It is the time you have wasted for your rose that makes your rose so important*.
The PCT this year is going to be different. The snowpack has already buried anyone’s ability to describe it. I’m hiking it again this year, and I can’t wait to meet everyone and find our way through the confusion together. In 2017, in part because of a heatwave, the water crossings were deadly; it’s likely we’ll face similar or worse conditions. If you skip or flip or if you need to do this or that for your own reasons or for your safety, know that it will be fine, and that you are going to have a blast regardless. For all that this year will be different, it will also be yours; if people get mad and post about when or where or how someone hiked, someone they haven’t met, maybe you, remember that no one is going to remember or care about those things in the future. Or even July.

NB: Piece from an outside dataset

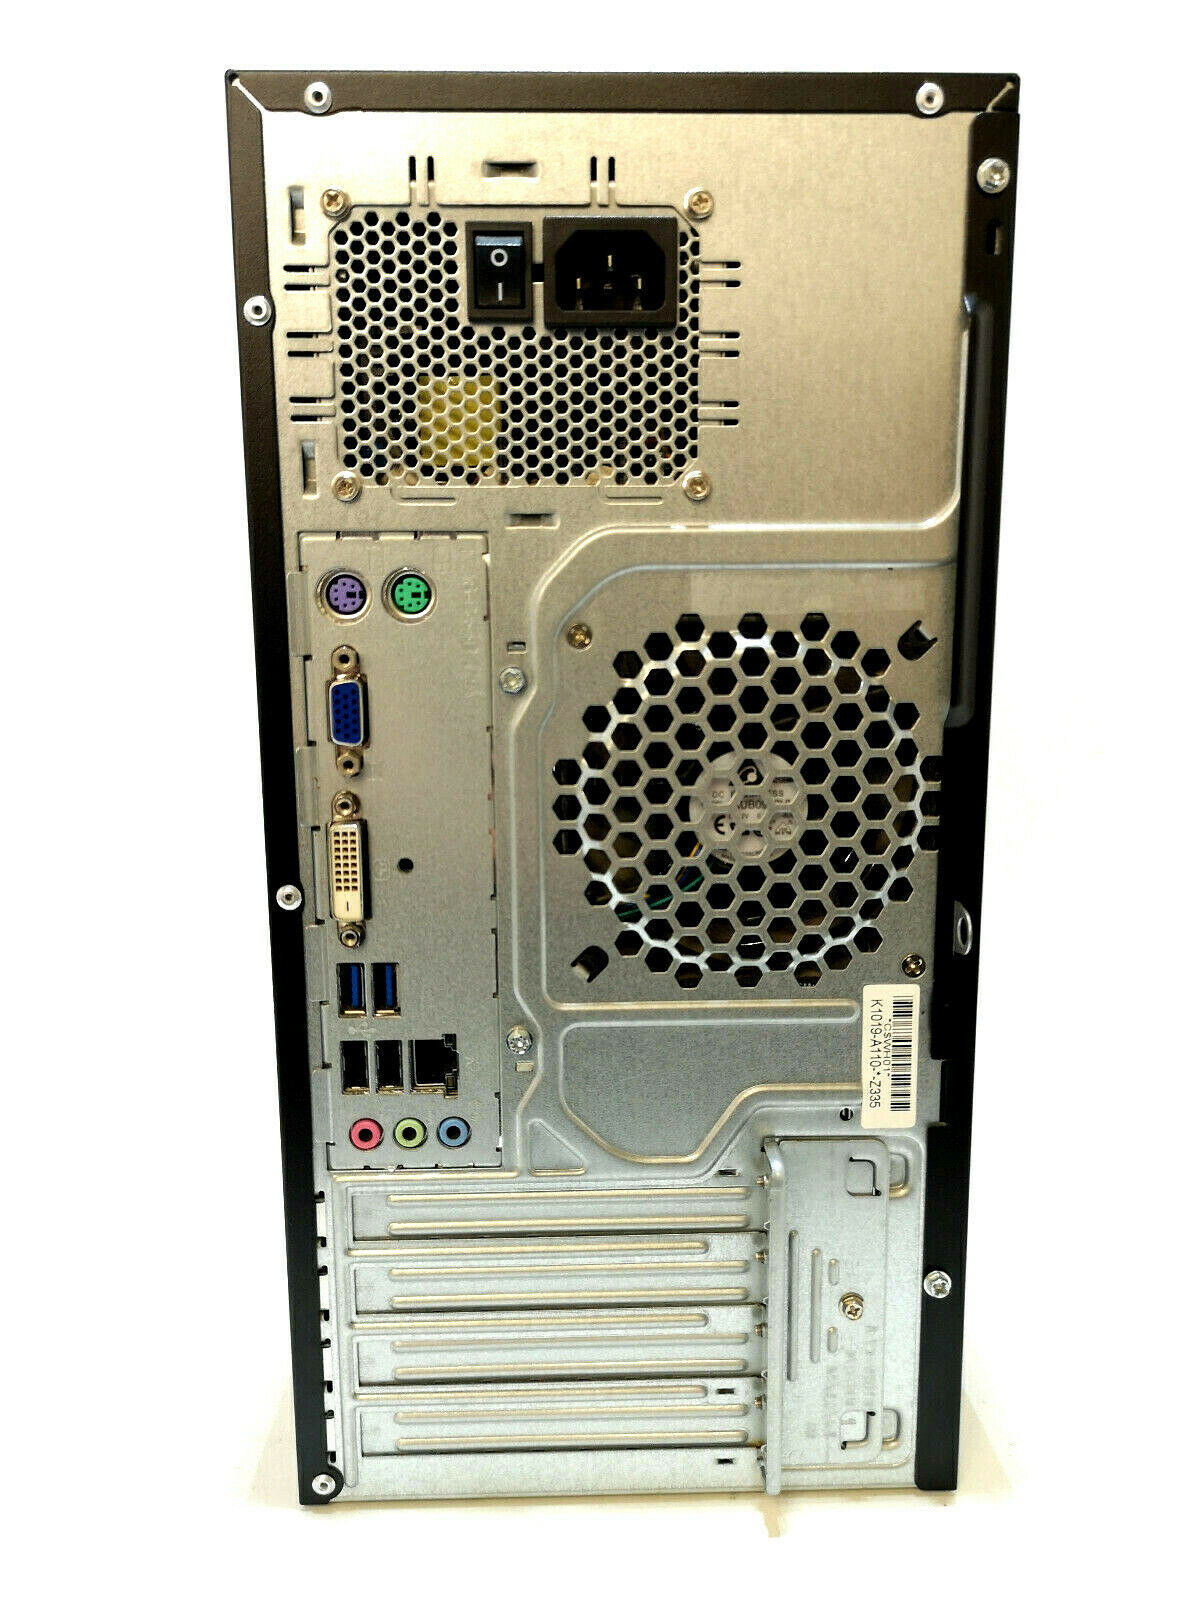 Refurbished Fujitsu Esprimo P420 Desktop Tower PC

My hope for you is also that you find a way of abandon and trust and vulnerability with people you did not imagine could know you so well, so fast. Find that you are cared for by something beyond our capacity to understand, a lesson the trail is astonishingly good at providing. May the beauty you’ve known rise up in the sudden dawn of the beauty you don’t know yet, may this old gift wrapped in a new one keep you for as long as it takes to know as deeply in your blood as you can that you are held and loved by it all. That for as much as you may feel yourself trying to find it, it is also trying to find you.